The renaissance cowboy cut a wide swath through the West, and inspired a generation of songwriters
Through the ’70s and ’80s, Hazlewood remained low-key, but his creations continued to percolate and draw admirers. In 1999, Steve Shelley of Sonic Youth reissued on his Smells Like Records label a number of Hazlewood’s wildly diverse solo albums. That same year, Lee and a back-up duo performed at Nick Cave’s Meltdown Festival in London. “I slowly started finding out that these records that were 15, 20 years old, that had been re-released, the kids were buyin’ ’em.”
A handful of European dates followed, “and there wasn’t a gray head in the house,” recalled Hazlewood. “We’d start to play a song, an obscure song, and they’d start applauding.” At one point he wondered aloud to his audience how they knew his obscurities. “One of the kids held up his hand and said, ‘My grandma, Lee — she played it for me.’ And I said, ‘Well, I’ll tell you one thing: From now on, grandma PR is all I’m using throughout the world.’ ”
Still living abroad, Hazlewood came out of retirement yet again to deliver a low-tempo collection of well-chosen standards by the likes of Fats Waller and Duke Ellington with Farmisht, Flatulence, Origami, ARF!! & Me (1999).
“Al Casey [longtime Hazlewood guitarist], he had said, ‘I want you to do those songs that you always whistled around the studio.’ I said, ‘You’re talkin’ about my dad’s two-beer songs, aren’t you?’ Two beers, and you sing one of these songs.”

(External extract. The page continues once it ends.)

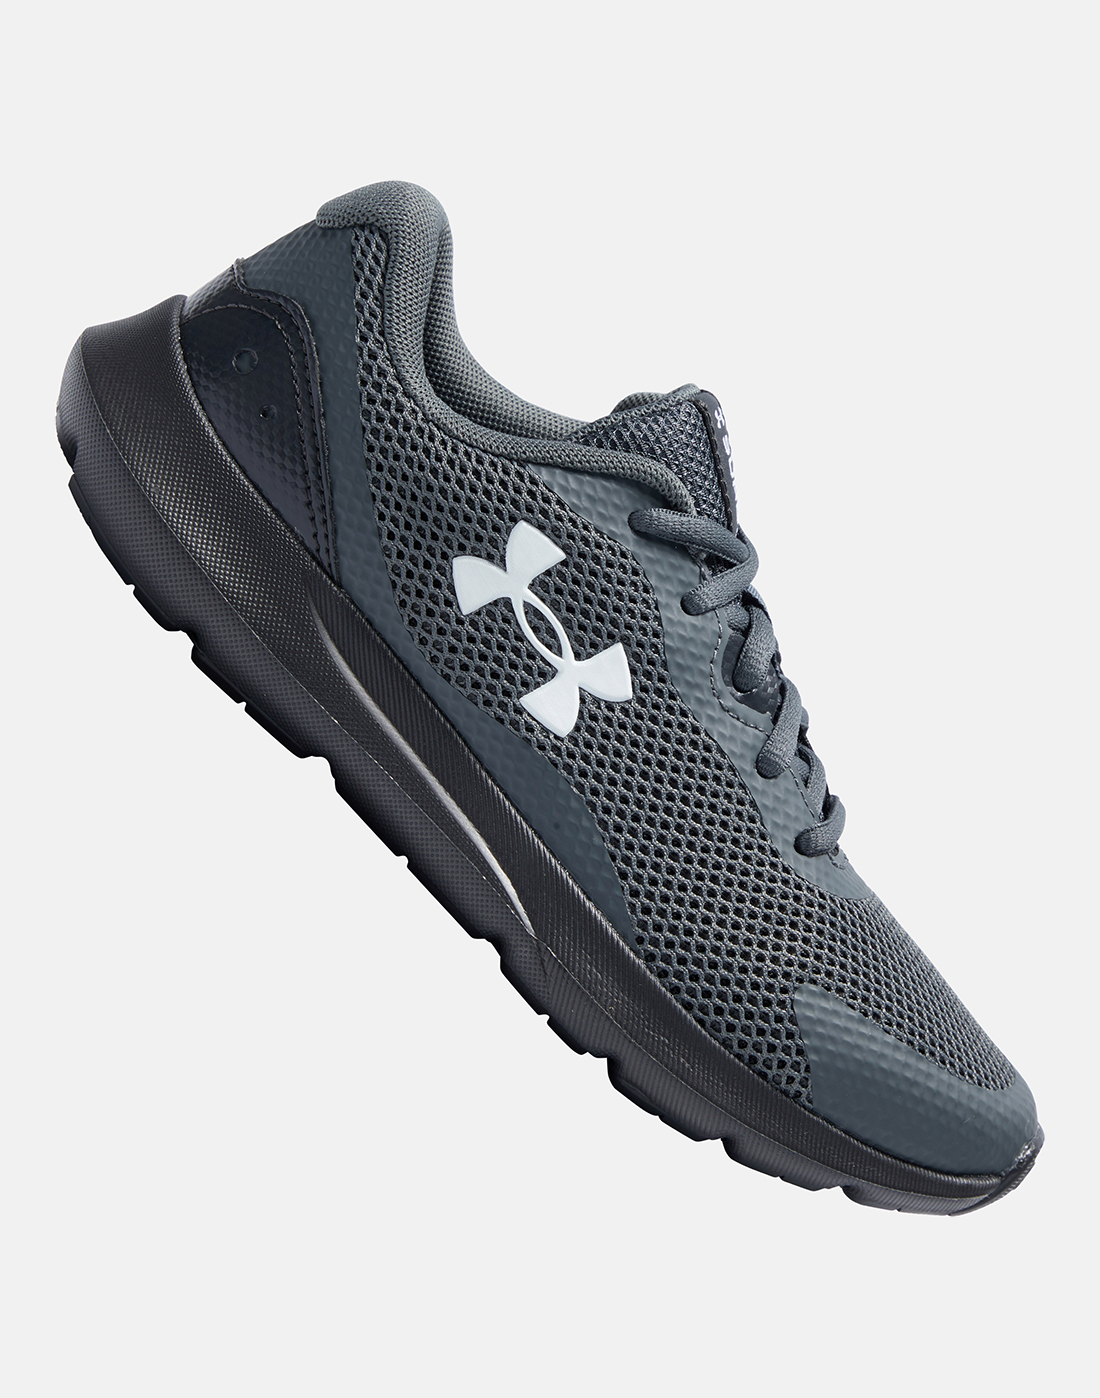 Under Armour Surge 3 - Grey | Life Style Sports IE

Behind the don’t-give-a-damn façade, Hazlewood was a man of profound integrity. Cake or Death, which was recorded after his cancer diagnosis, is a collection of promises kept, of 50-year-old in-jokes, of a life spun with warmth and dark humor. (The album’s title is a reference to an Eddie Izzard stand-up bit.) It’s a big-sounding collection, bereft of the marquee names with whom Hazlewood could’ve collaborated. His granddaughter, Phaedra, brought her “third-grade enthusiasm” to a reworked “Some Velvet Morning.” On “Baghdad Knights,” Hazlewood addresses the situation in the Middle East. “You hate the war, but you respect the warriors,” he said.

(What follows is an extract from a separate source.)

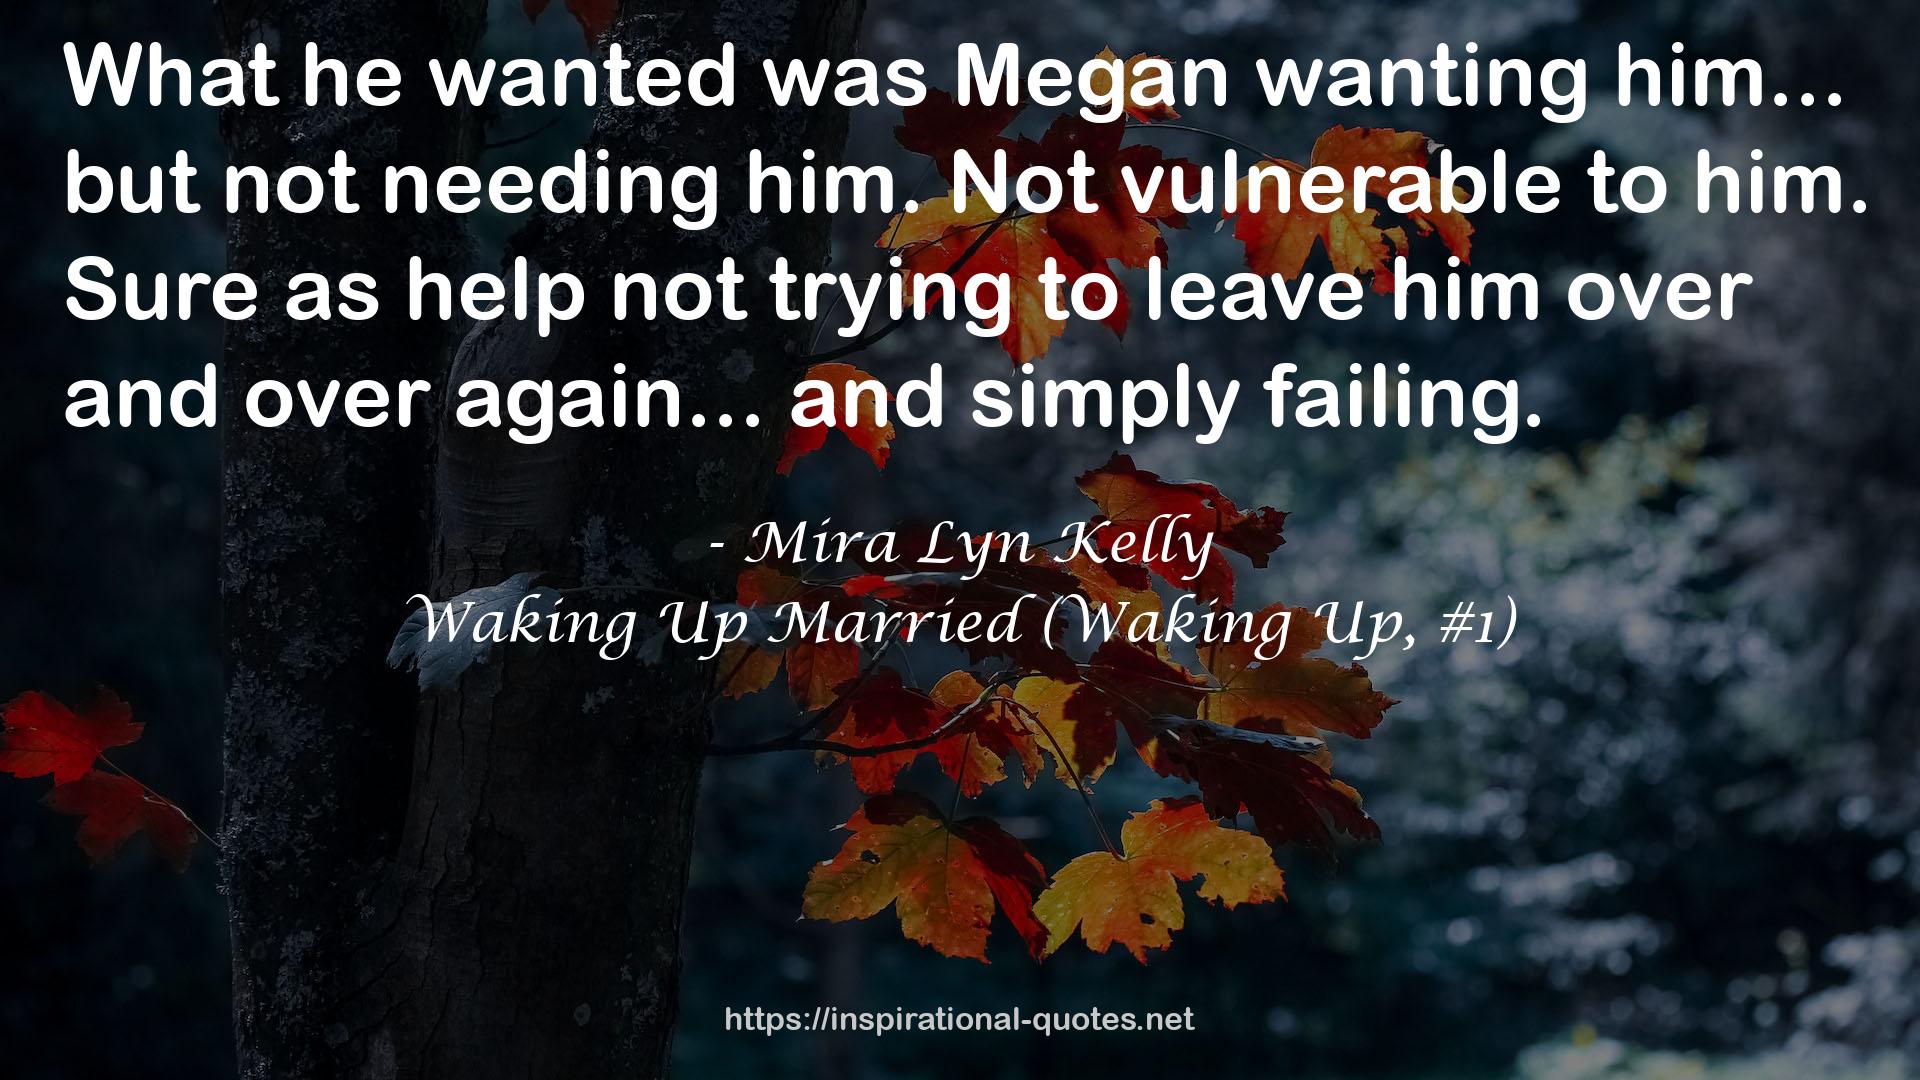 Waking Up Married (Waking Up, #1) QUOTES

“First of all, I’d like to go out the way I came in,” he said, when asked about his send-off plans. “Quietly.” With an eye on cremation, he had an idea of the afterlife. “I don’t believe in an old gray-headed man who sits on a mountain and every time you do anything bad, he hits you on the head with a hammer... or streets paved with gold. I figure you just go back to the stack. But if you have to come back a second time, I think you should come back as a cockroach. You can’t kill those sons of bitches!”